Les Directeurs

Dossier : Arts, Lettres et SciencesMagazine N°565 Mai 2001Par : Daniel Besse, dans une mise en scène d’Étienne BierryRédacteur : Philippe OBLIN (46)

On entend par­fois des lamen­ta­tions quant à la ténui­té de la pro­duc­tion dra­ma­tique fran­çaise contem­po­raine. Aus­si­tôt que l’on se prend à son­ger au temps, en par­tie pour­tant tis­sé de sombres années, où, qua­si simul­ta­né­ment, vivaient et écri­vaient pour le théâtre des auteurs comme Mar­cel Achard, Jean Anouilh, Mar­cel Aymé, Paul Clau­del, Sacha Gui­try, Eugène Iones­co, Hen­ry de Mon­ther­lant, Jean-Paul Sartre – pour ne citer que les pre­miers noms qui me viennent à l’esprit, et sans consi­dé­ra­tion de genre – on com­prend aisé­ment de tels regrets.

Les direc­teurs de théâtre en sont alors sou­vent réduits à des reprises, de clas­siques au besoin.
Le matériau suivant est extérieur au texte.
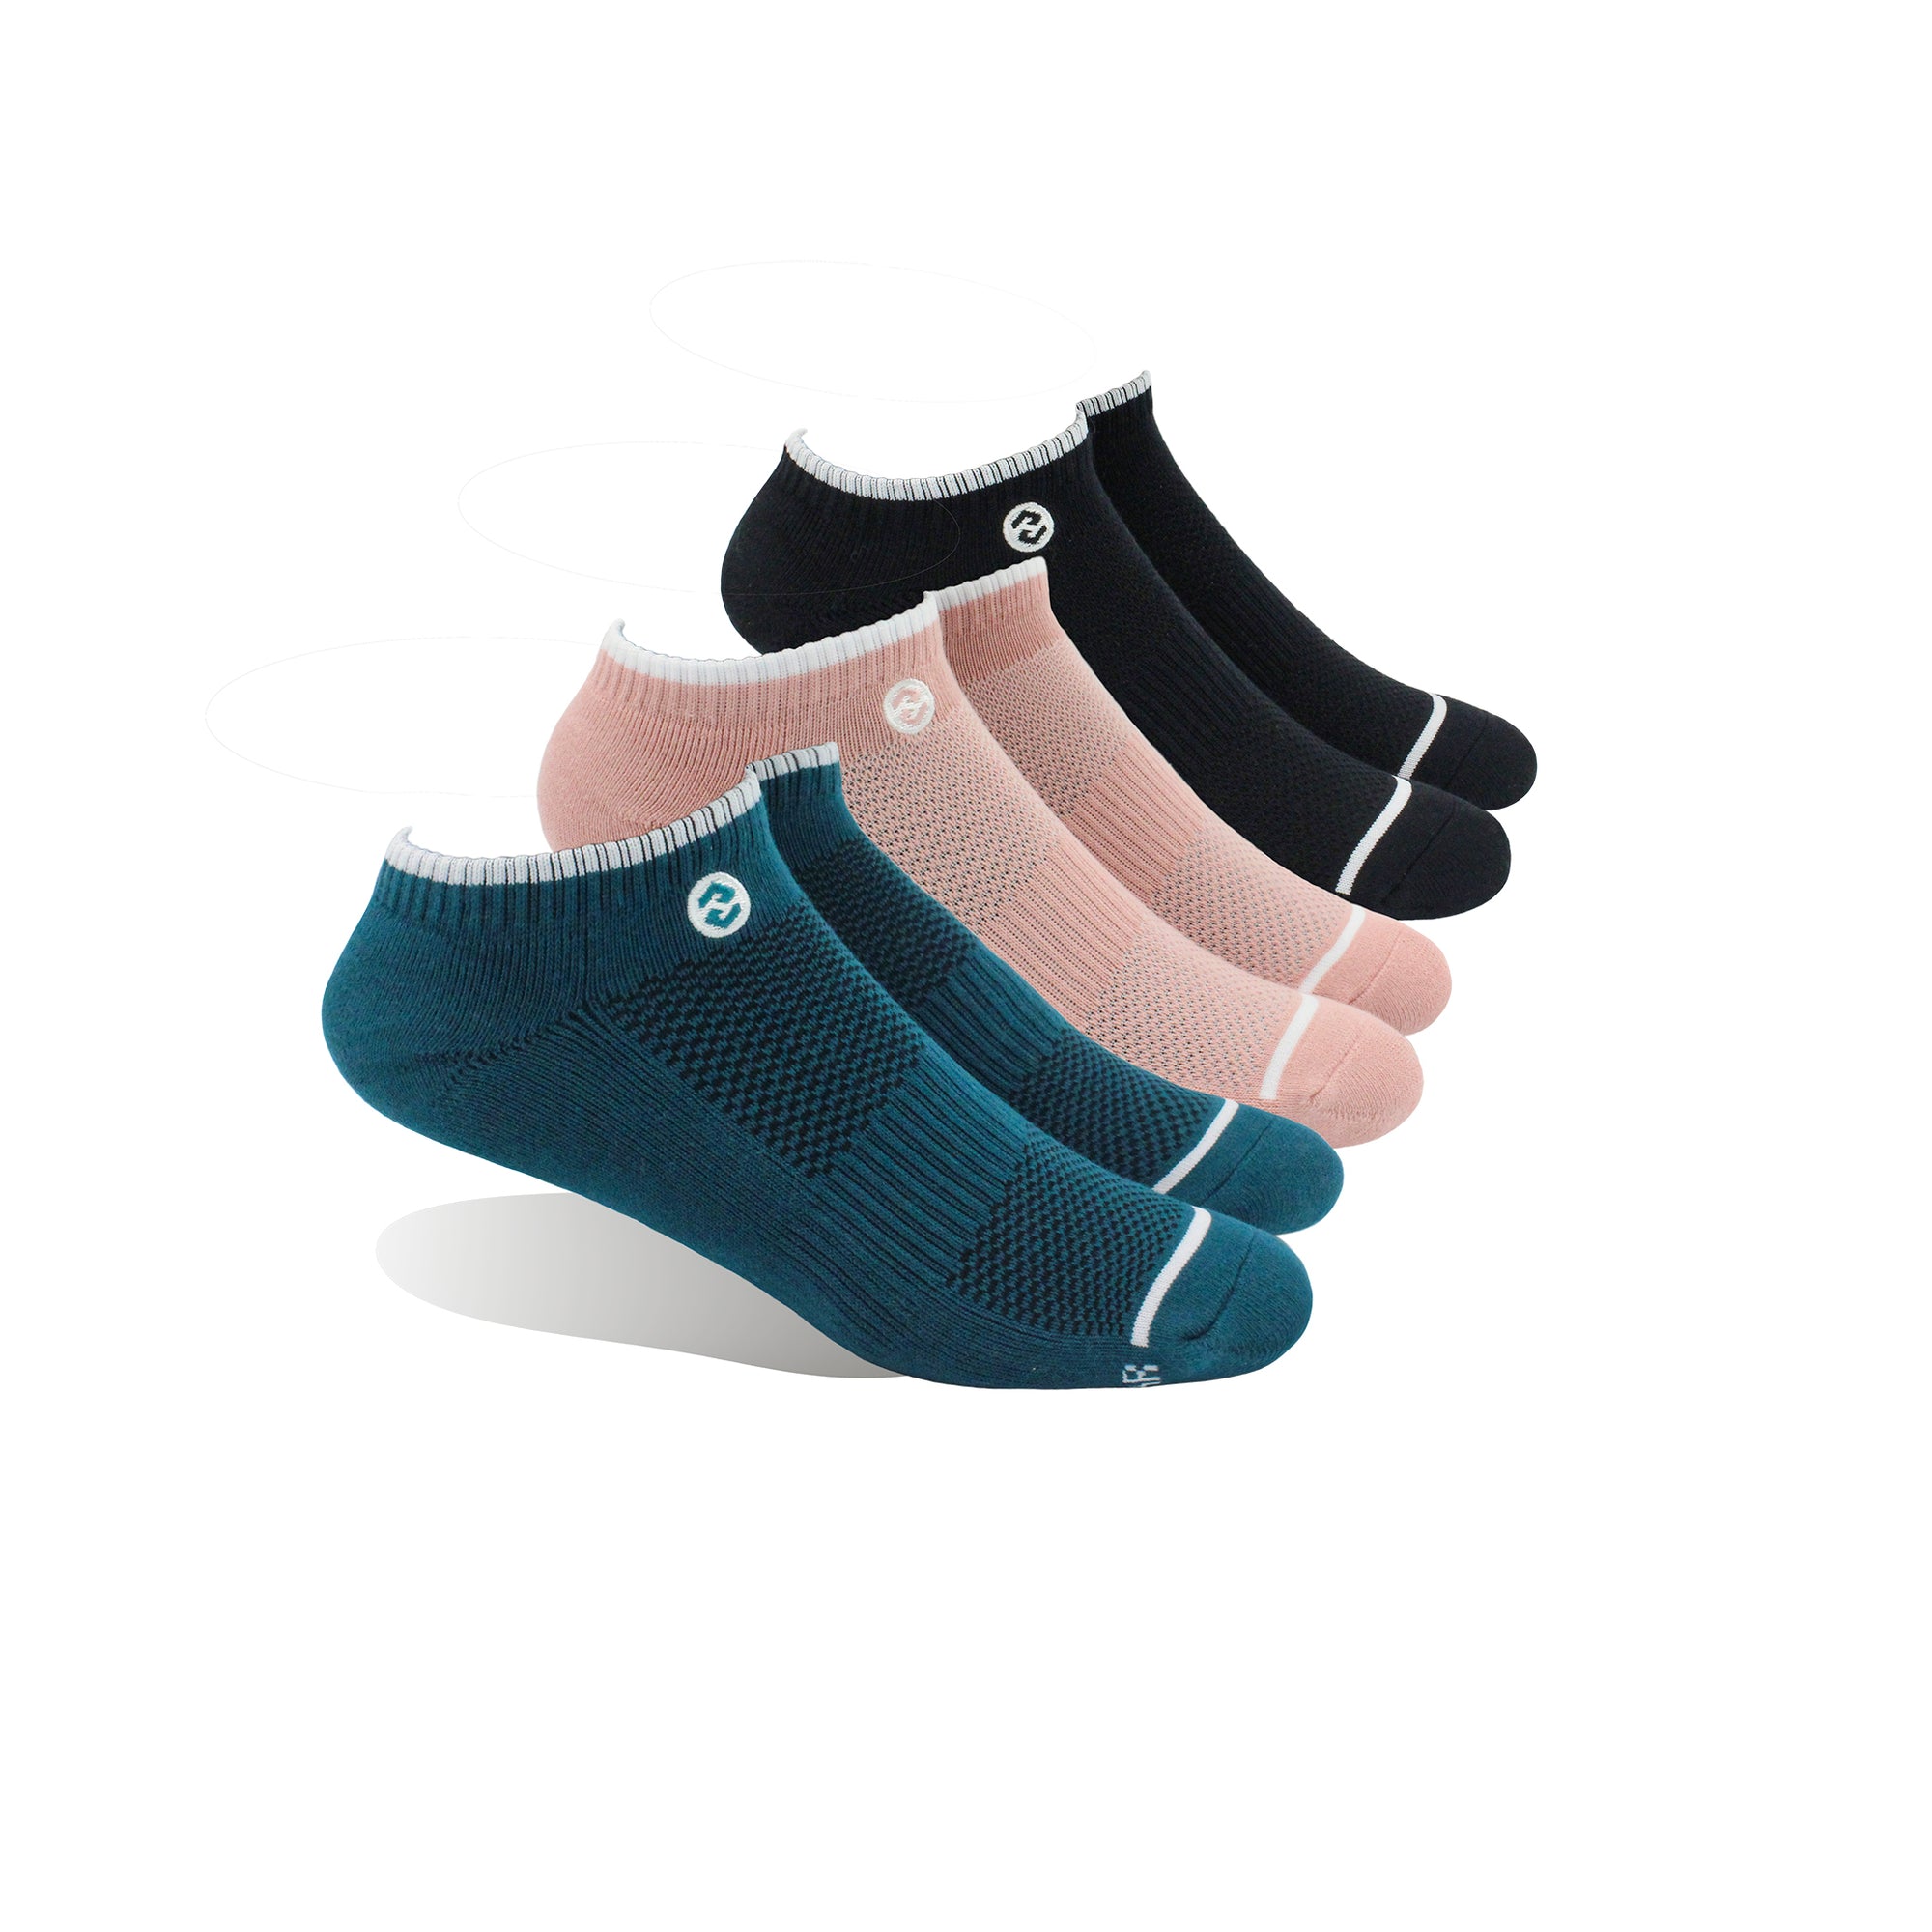 HRG Teal / Dusky Pink / Black 3 Pack Ankle Sock

Mais pour peu qu’ils fassent appel à des met­teurs en scène dans le vent, réso­lu­ment épris de “ relec­tures ”, le résul­tat n’est pas tou­jours mirobolant.

De sorte que l’on guette avec avi­di­té l’apparition d’oeuvres nou­velles, mais solides, repo­sant sur autre chose que du clin­quant intel­lec­tuel tout juste propre à faire pâmer les bavards de dîners en ville. Il arrive que cette attente soit com­blée : nous avons vu, l’autre jour au Poche-Mont­par­nasse, Les Direc­teurs, du comé­dien-auteur Daniel Besse, qui d’ailleurs joue dans sa pièce.
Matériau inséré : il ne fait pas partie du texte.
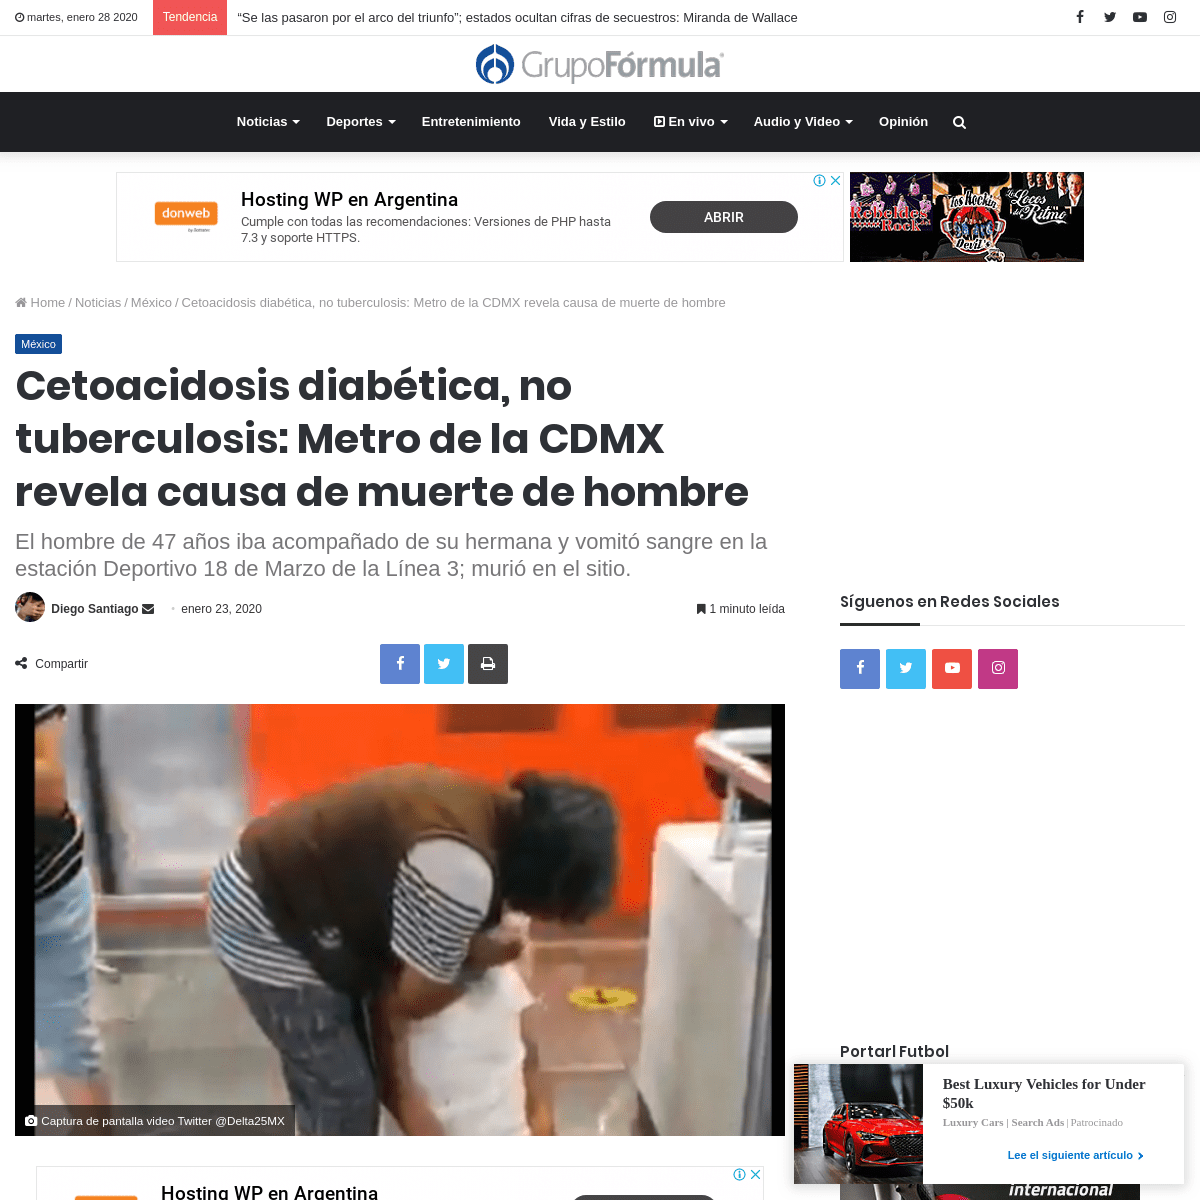 A complete backup of www.radioformula.com.mx/noticias/mexico/20200123/hombre-con-tuberculosis-muere-en-el-metro-cdmx-video-depor

Du très bon théâtre, et je serais sur­pris que M. Besse, s’il pour­suit dans cette voie, ne laisse pas son nom à la pos­té­ri­té. Dans cette pièce, toutes les qua­li­tés fai­sant une grande oeuvre dra­ma­tique sont pré­sentes. L’originalité du thème : les ravages de l’ambition au sein d’une grosse entre­prise. La construc­tion dra­ma­tique : après une scène d’exposition si habi­le­ment fice­lée qu’on entre dans le vif du sujet comme sans s’en aper­ce­voir, et même en s’amusant, on assiste à la mon­tée en puis­sance de la calom­nie des­truc­trice au sein d’un petit groupe de cadres supé­rieurs atte­lés à la même tâche, et cela tient le spec­ta­teur en haleine jusqu’à la der­nière réplique. La den­si­té des per­son­nages : ils sont si bien cam­pés, cha­cun dans son genre, qu’il n’y a pas besoin d’avoir long­temps vécu en entre­prise pour croire recon­naître tel ou tel, qu’on a croi­sé en chair et en os.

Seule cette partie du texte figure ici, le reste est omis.